#### [REQUIREMENT]
Could you transcribe all of the data exactly and skip any pictures?

#### [DATASET CONTENT]
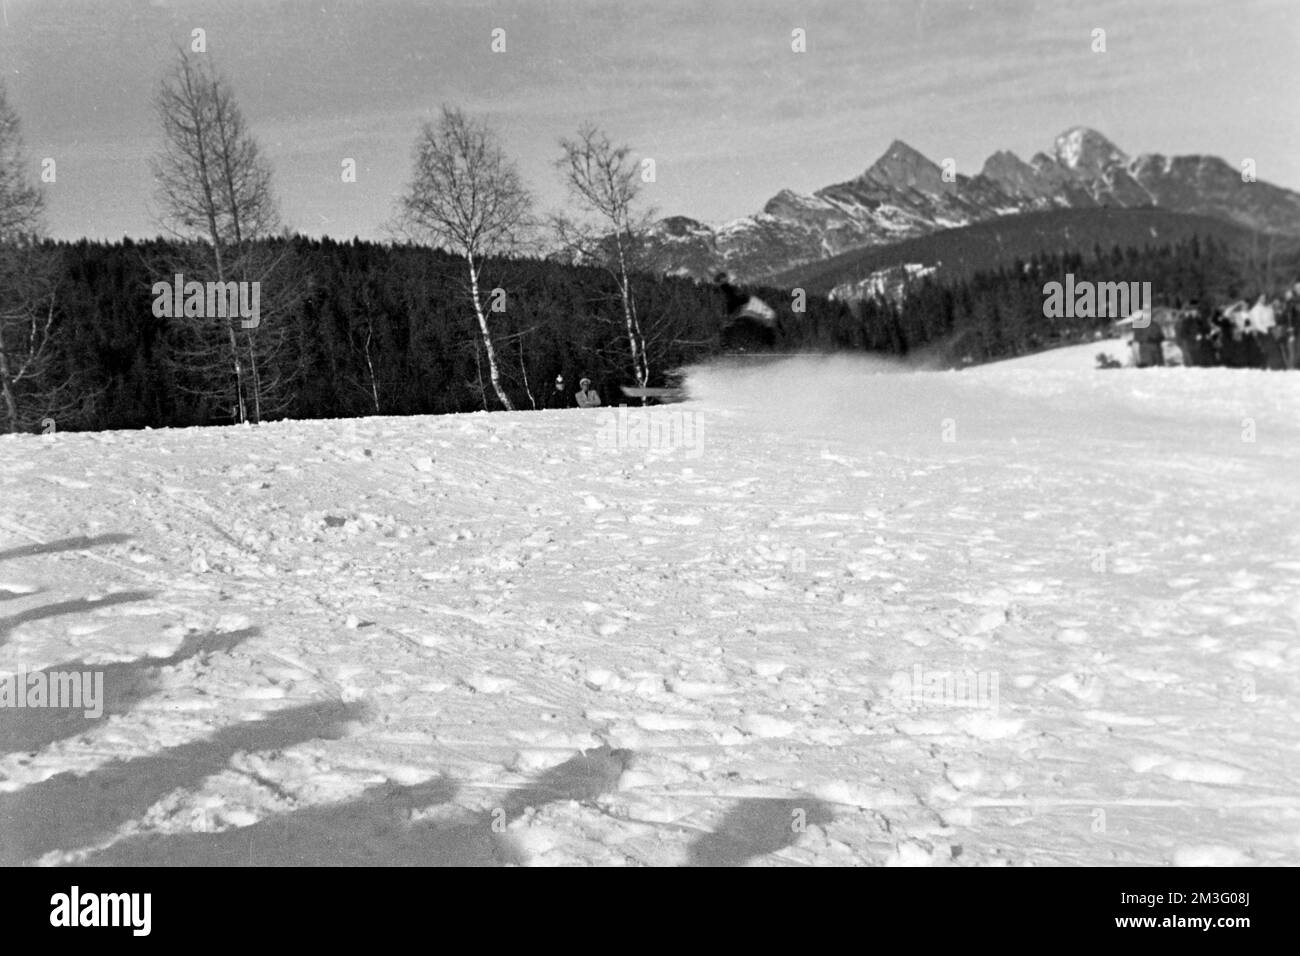 Die Große Olympiaschanze bei den Olympischen Winterspielen in Garmisch-Partenkirchen, 1936. The Great Olympic Ski Jump at the Winter Olympics in Garmisch-Partenkirchen, 1936. Stock Photo
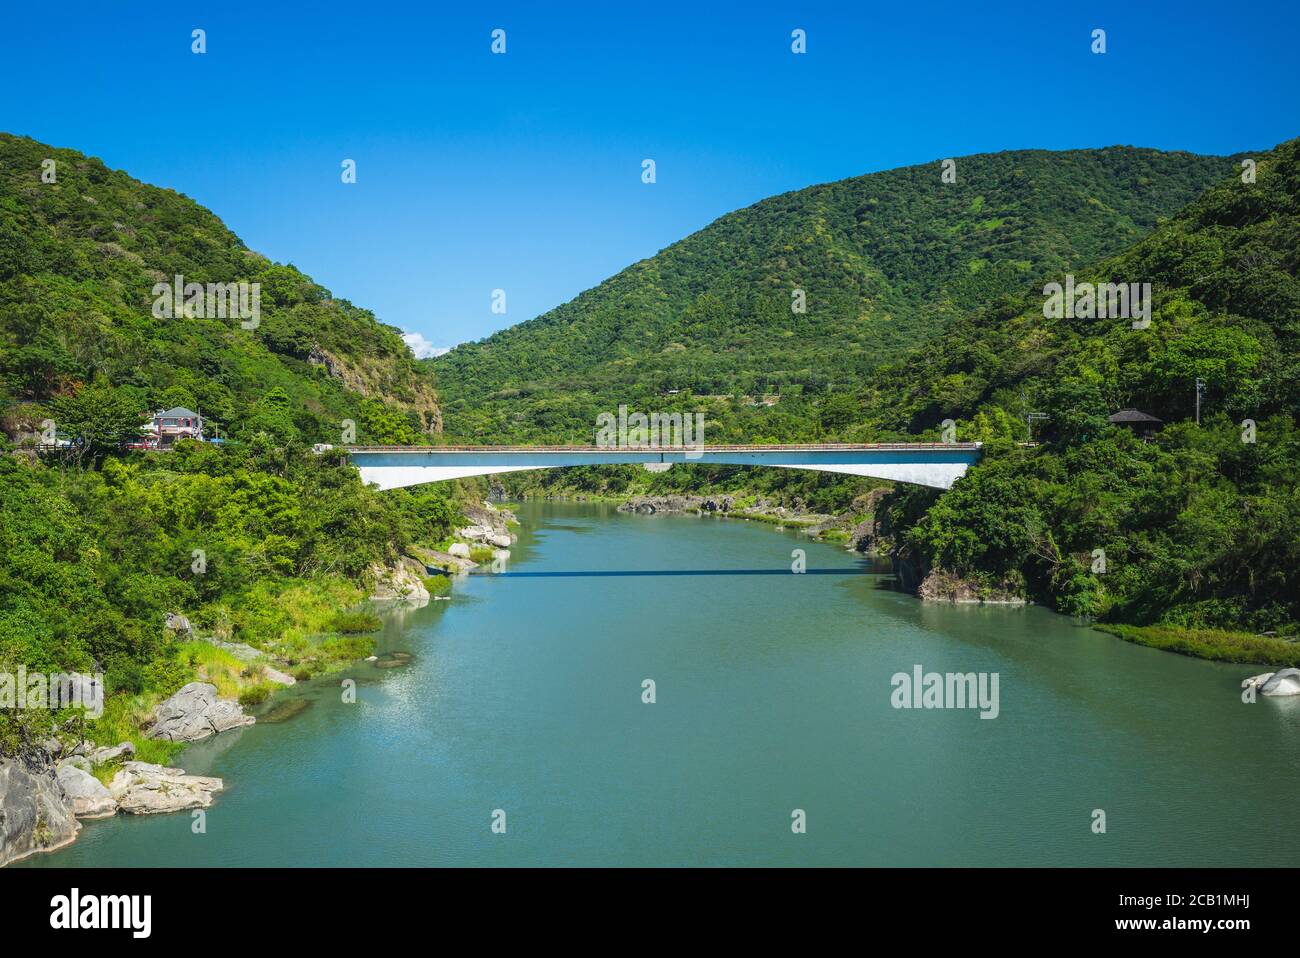 Changhong Bridge over the Xiuguluan River in Hualien, Taiwan Stock Photo
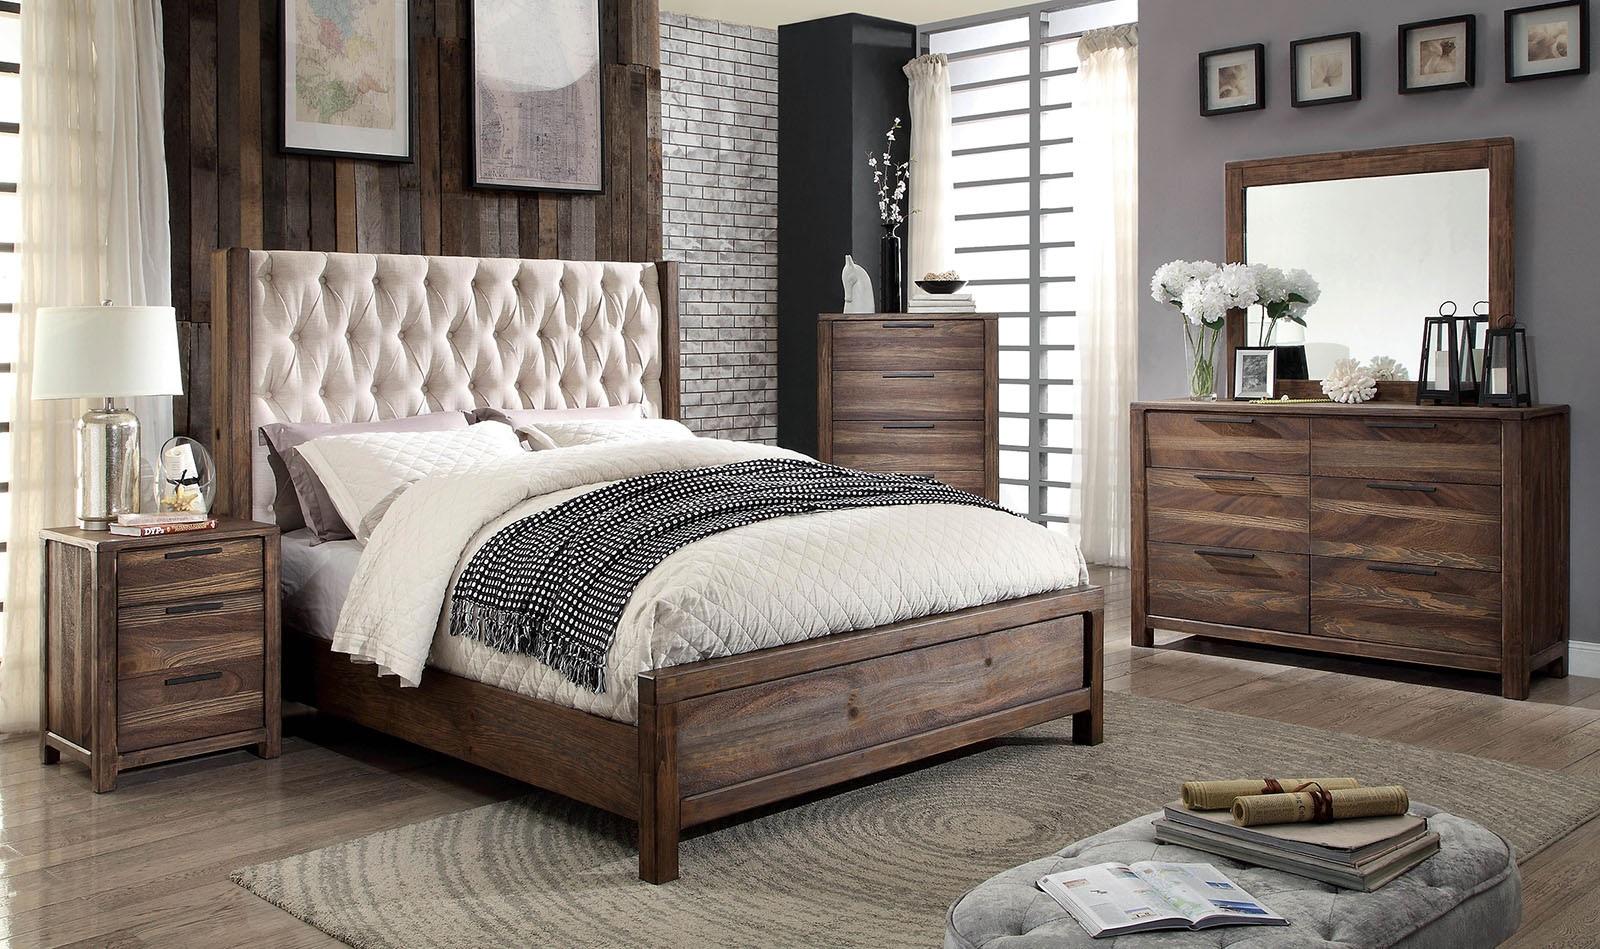 

    
CM7577-Q-3PC Rustic Natural & Beige Solid Wood Queen Bedroom Set 3pcs Furniture of America CM7577-Q Hutchinson
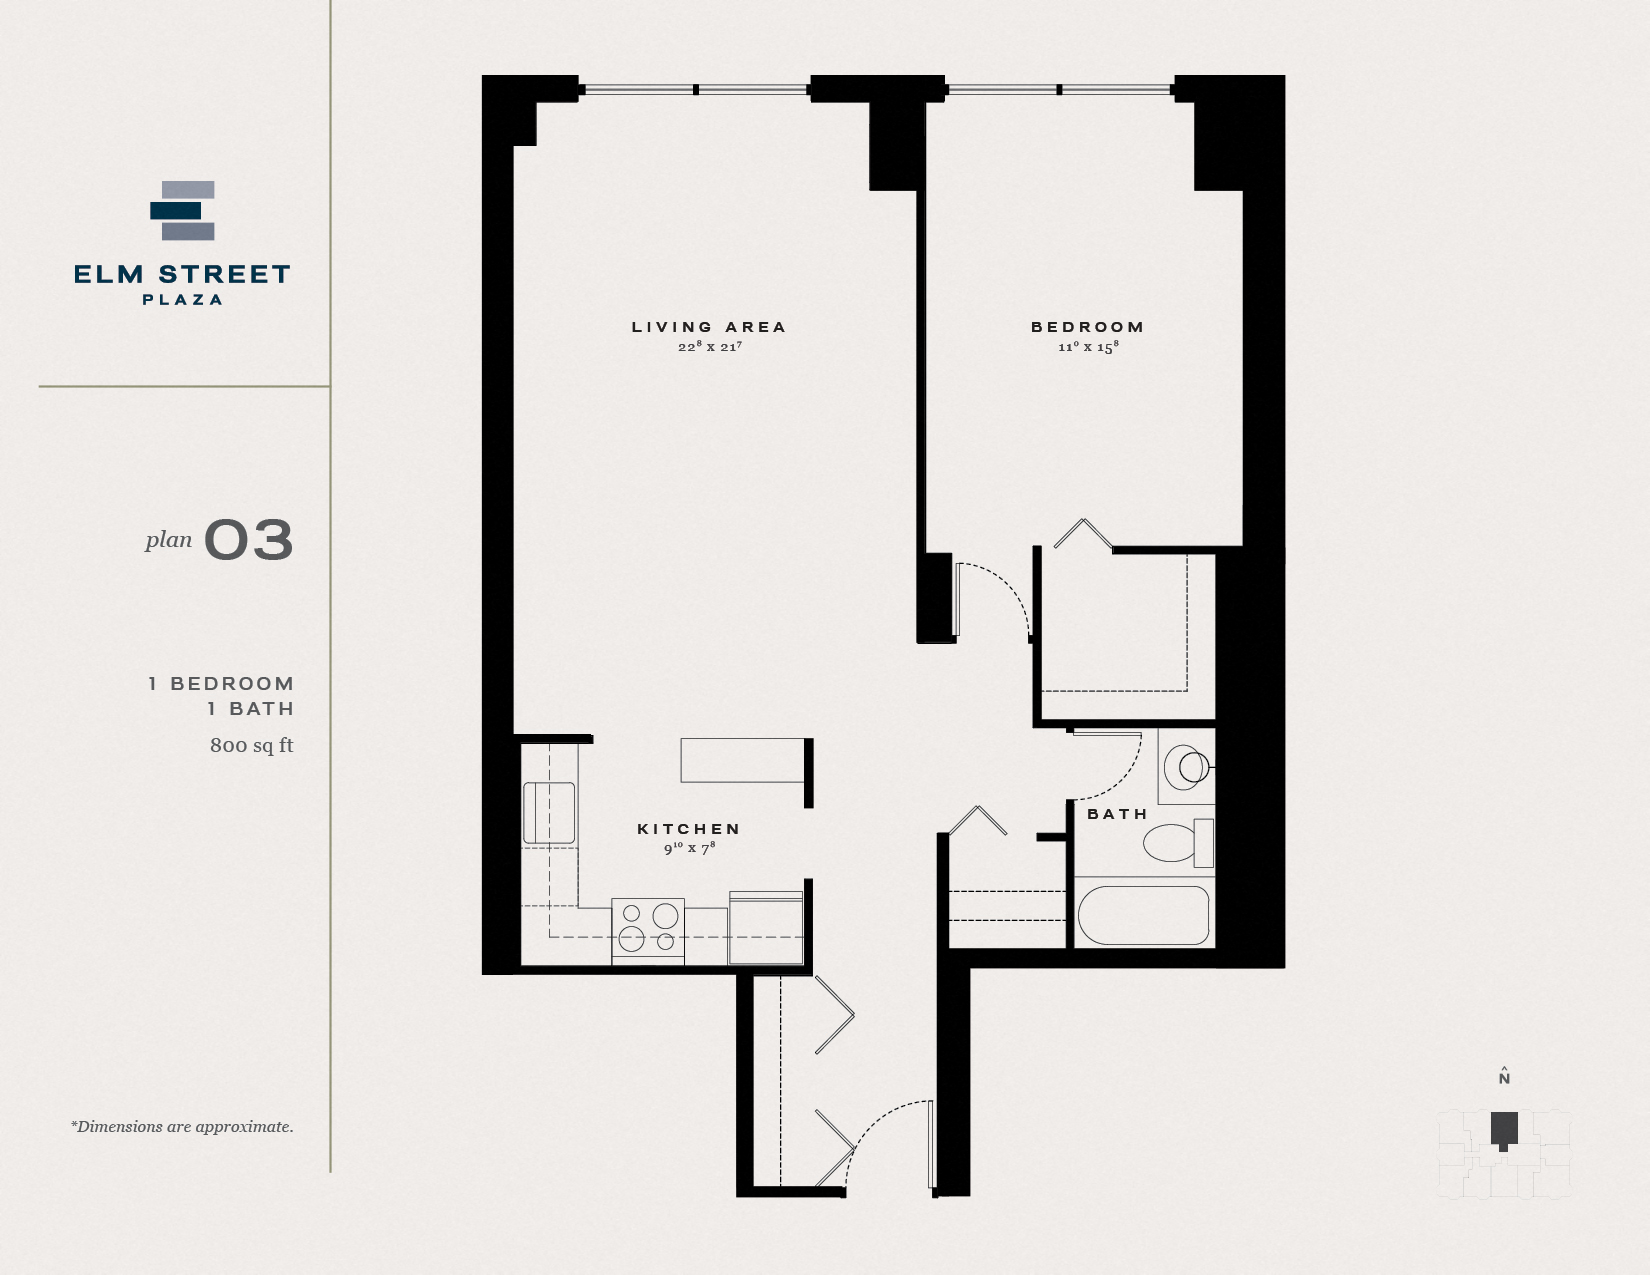 Studio, 1 & 2 Bedroom Gold Coast Apartments for Rent Elm

#### [ANSWER TO THE EXERCISE]
 Die Große Olympiaschanze bei den Olympischen Winterspielen in Garmisch-Partenkirchen, 1936. The Great Olympic Ski Jump at the Winter Olympics in Garmisch-Partenkirchen, 1936. Stock Photo
 Changhong Bridge over the Xiuguluan River in Hualien, Taiwan Stock Photo

    
CM7577-Q-3PC Rustic Natural & Beige Solid Wood Queen Bedroom Set 3pcs Furniture of America CM7577-Q Hutchinson
 Studio, 1 & 2 Bedroom Gold Coast Apartments for Rent Elm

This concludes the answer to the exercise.